Very few companies’ stock prices benefited more from the pandemic than exercise equipment manufacturer Peloton Interactive‘s (Nasdaq: PTON).
Peloton has a two-pronged business model.
First, the company sells customers fitness equipment in the form of exercise bikes, treadmills and rowers.
Second, these customers pay a monthly membership fee to access Peloton’s fitness classes, which they can view on a screen that comes with the exercise equipment.
The recurring revenue stream that those monthly membership payments create is all profit margin and looks very attractive to investors.
During the pandemic – with gyms closed and people locked in their homes – sales of Peloton products skyrocketed.
In its fiscal 2019, the company earned $915 million in revenue. By 2021, revenue had surged to exceed $4 billion.
Peloton’s stock price exploded higher.
Over the nine months that followed the COVID-19 outbreak in the U.S., Peloton’s share price jumped 738%.
But that was the peak. From there, everything has gone speeding downhill.
From the January 2021 top at $167, the stock price has now collapsed to below $8 – an unfathomable 95% drop!

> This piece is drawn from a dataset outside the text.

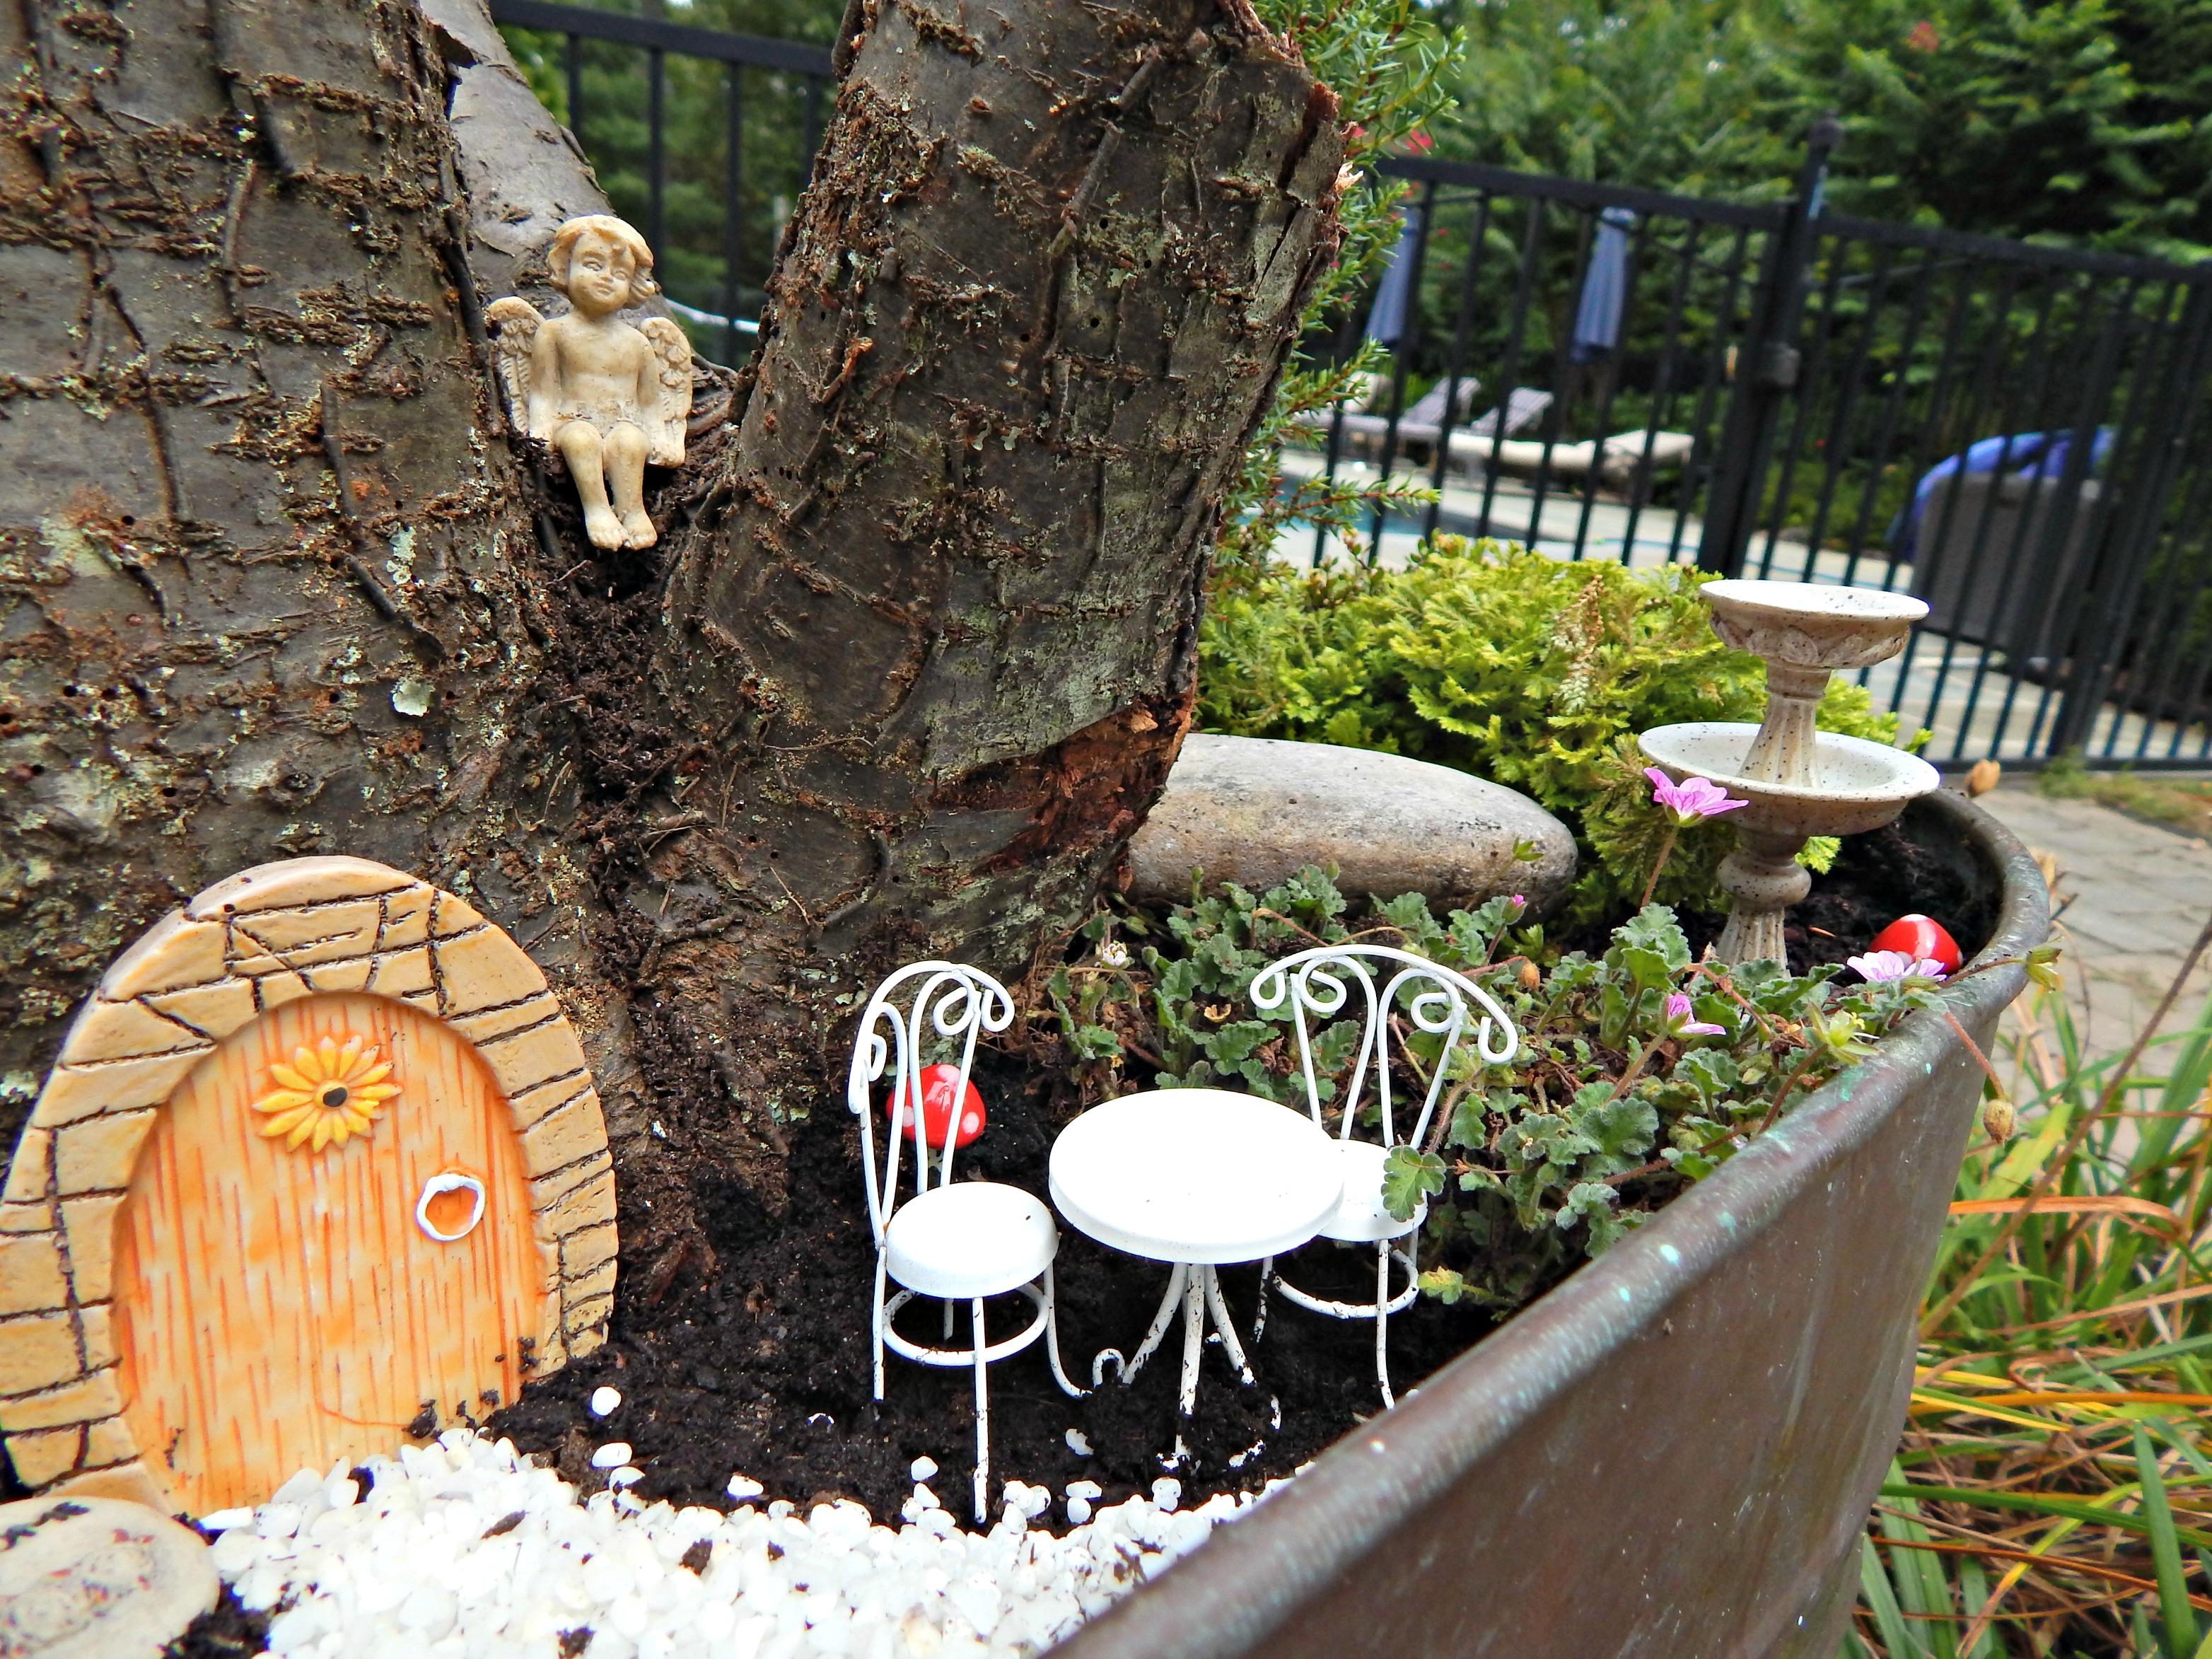 Fairy Garden table and chair set. Easy DIY Fairy Garden   Stylish Revamp

Due to the huge decline in Peloton’s share price, the market valuation (enterprise value) of Peloton has fallen from a peak of $47 billion in January 2021 to just $3 billion today.
Ouch!
After a drop that large, a person has to wonder…
Have Peloton shares finally rolled into bargain territory?
An examination of Peloton’s financial statements makes it hard to believe that they have.
For the company’s last full fiscal year, which ended on June 30, 2022, it posted a massive loss of $2.8 billion. For the first nine months of the current fiscal year, Peloton posted another loss of $1.02 billion.
Peloton has plenty of revenue… but no profits to show for it.
While putting up these horrific earnings numbers, the company has also been burning through cash.
Last year, operations burned through $2 billion. This year, the company has gone through another $332 million. That cash burn has added debt to the balance sheet and diluted common shareholders, as the company had to issue shares to raise capital.
To address this poor financial performance, management instituted a plan to cut $800 million in spending annually. This is going to come from a reduction in both the cost to make Peloton products and operating expenses.
That is definitely going to help… if the company can make it happen. But as of now, Peloton is still unprofitable and burning cash.
Despite the huge decline in Peloton’s share price and the popular products that it offers, this is not a hard decision for me: I want to avoid this stock.
The key to successful long-term investing is to own great companies that generate free cash flow. Not companies that burn through cash.
Peloton has enough cash on its balance sheet to keep itself out of bankruptcy for the foreseeable future, but that alone is no reason to want to own it. The financial performance here needs to change radically for this stock to offer value.
The Value Meter rates Peloton as “Extremely Overvalued.”